Mr Patel wants to turn India into a Hindu rashtra. His great hero is Bal Thackeray. Yet, he had an ace up his sleeve that moderate and even leftist detractors of Mr Modi could only dream of. He had the political clout to rock the Modi establishment. This is one ability that most middle-caste rural communities have usually claimed — Hindu Jats, Sikh Jats, Yadavs, Patils and so on. Infusing them with religious prejudice is a work in progress.

Indeed, Gujarat’s Patels had once backed the Congress but became bedfellows with the BJP after the Congress hitched its wagon to a combination of low-caste Hindus, dalits and Muslims. The Patel diaspora in the US has threatened protests when Mr Modi visits later this month. In the contest of two raging right-wing formations can the moderates experience a sense of relief?

The moderate Indians’ romance with Subhas Chandra Bose is older. The Communists ruled West Bengal for 30-plus years as allies of the Forward Bloc, which follows Bose’s socialist pretensions. In other words, no one was prepared to discuss his flirtations with Mussolini and Hitler. Bose was a product of the militant Hindu opposition to colonial rule. Even Maulana Azad fell for the harnessing of religion in politics from the Bengali militants. The ill-conceived Khilafat Movement was the maulana’s brainchild.
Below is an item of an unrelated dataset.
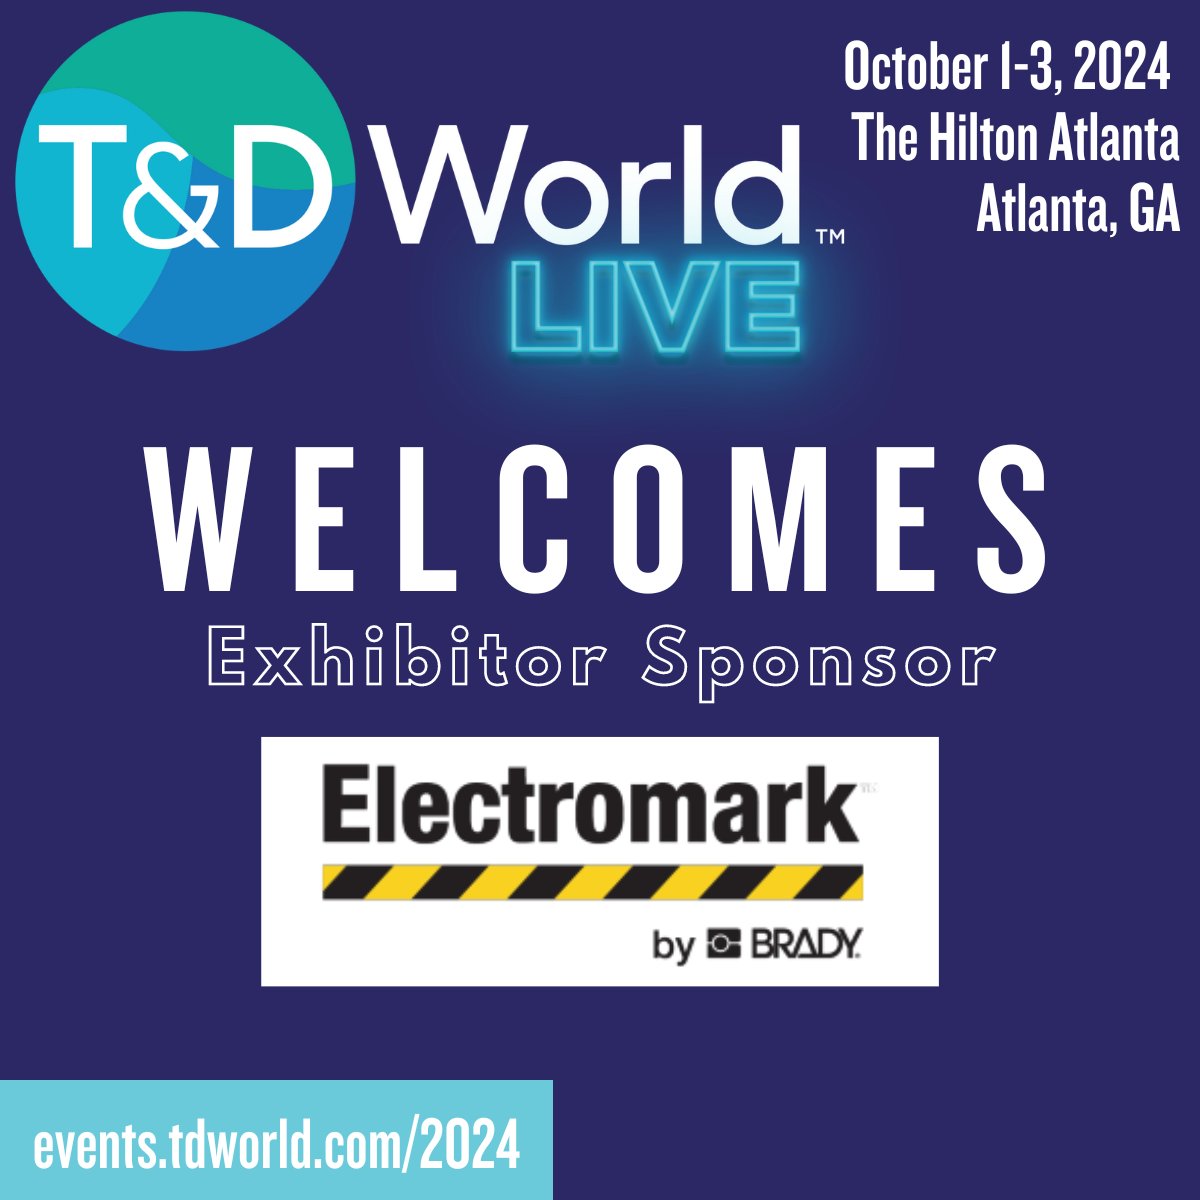 T&D World Live 2024 welcomes exhibitor sponsor: Electromark Make an impact in the transformation of transmission and distribution grids - don't miss this chance to connect and engage with the T&D World audience! Secure your sponsorship early to maximize brand awareness!
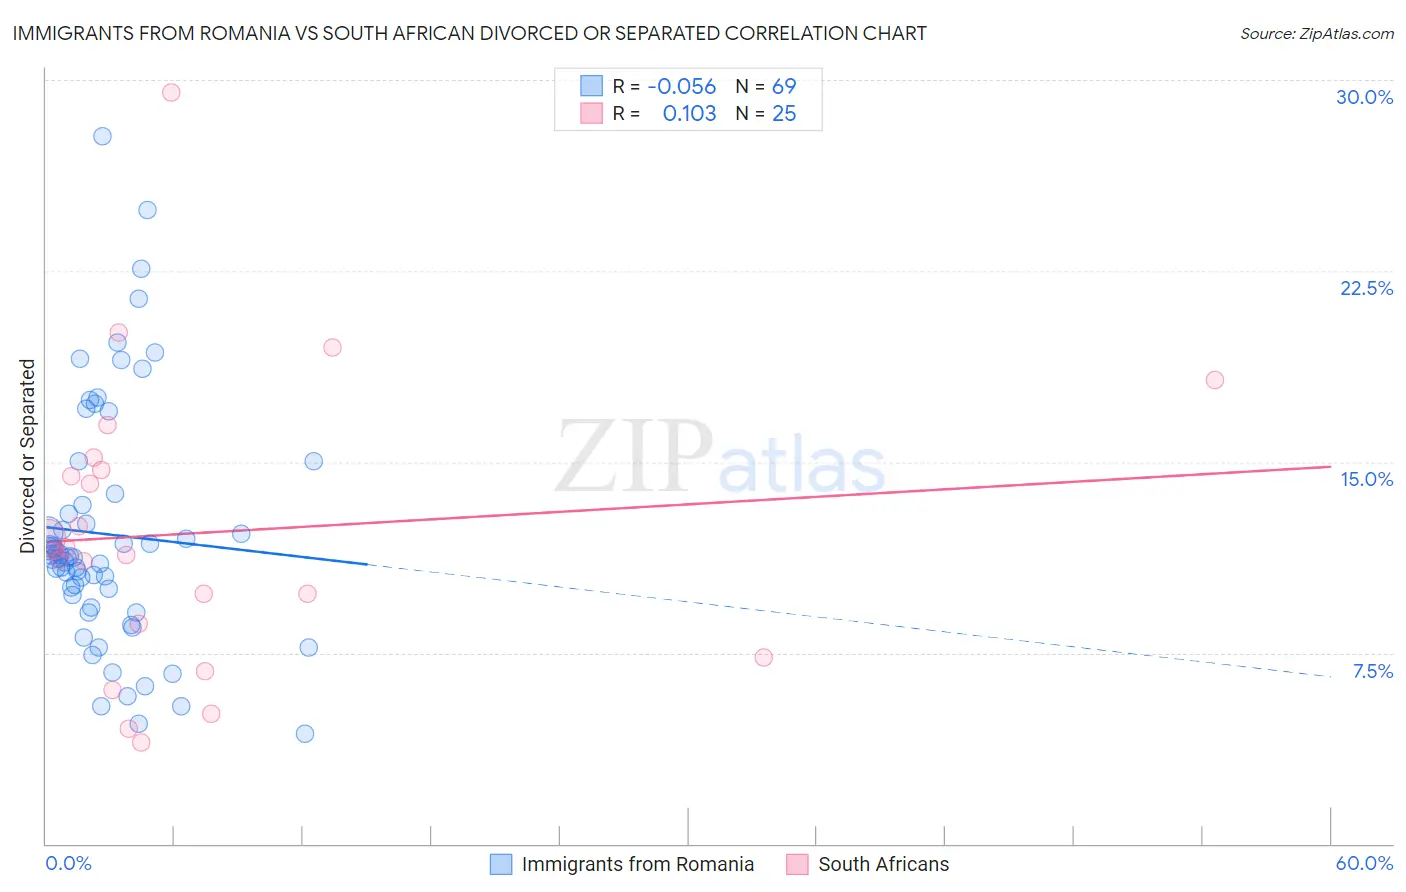 Immigrants from Romania vs South African Divorced or Separated

True there was a basic difference between Bose and the other admirers of Italian fascism, namely the RSS and the Hindu Mahasabha. Bose believed he could align with Britain’s detractors to liberate India (It is another matter that he also wanted to impose a 20-year-long spell of ruthless dictatorship in India after it became free.)

Kaifi’s musings to seek out Ravan as a catalyst to freedom though poetic in its intent had a potentially tragic encounter with reality, albeit in a somewhat ironic way. Such has been India’s ambivalence in its long wait for the promised Ram Rajya.

The writer is Dawn’s correspondent in Delhi
By arrangement with Dawn

( Source : deccan chronicle )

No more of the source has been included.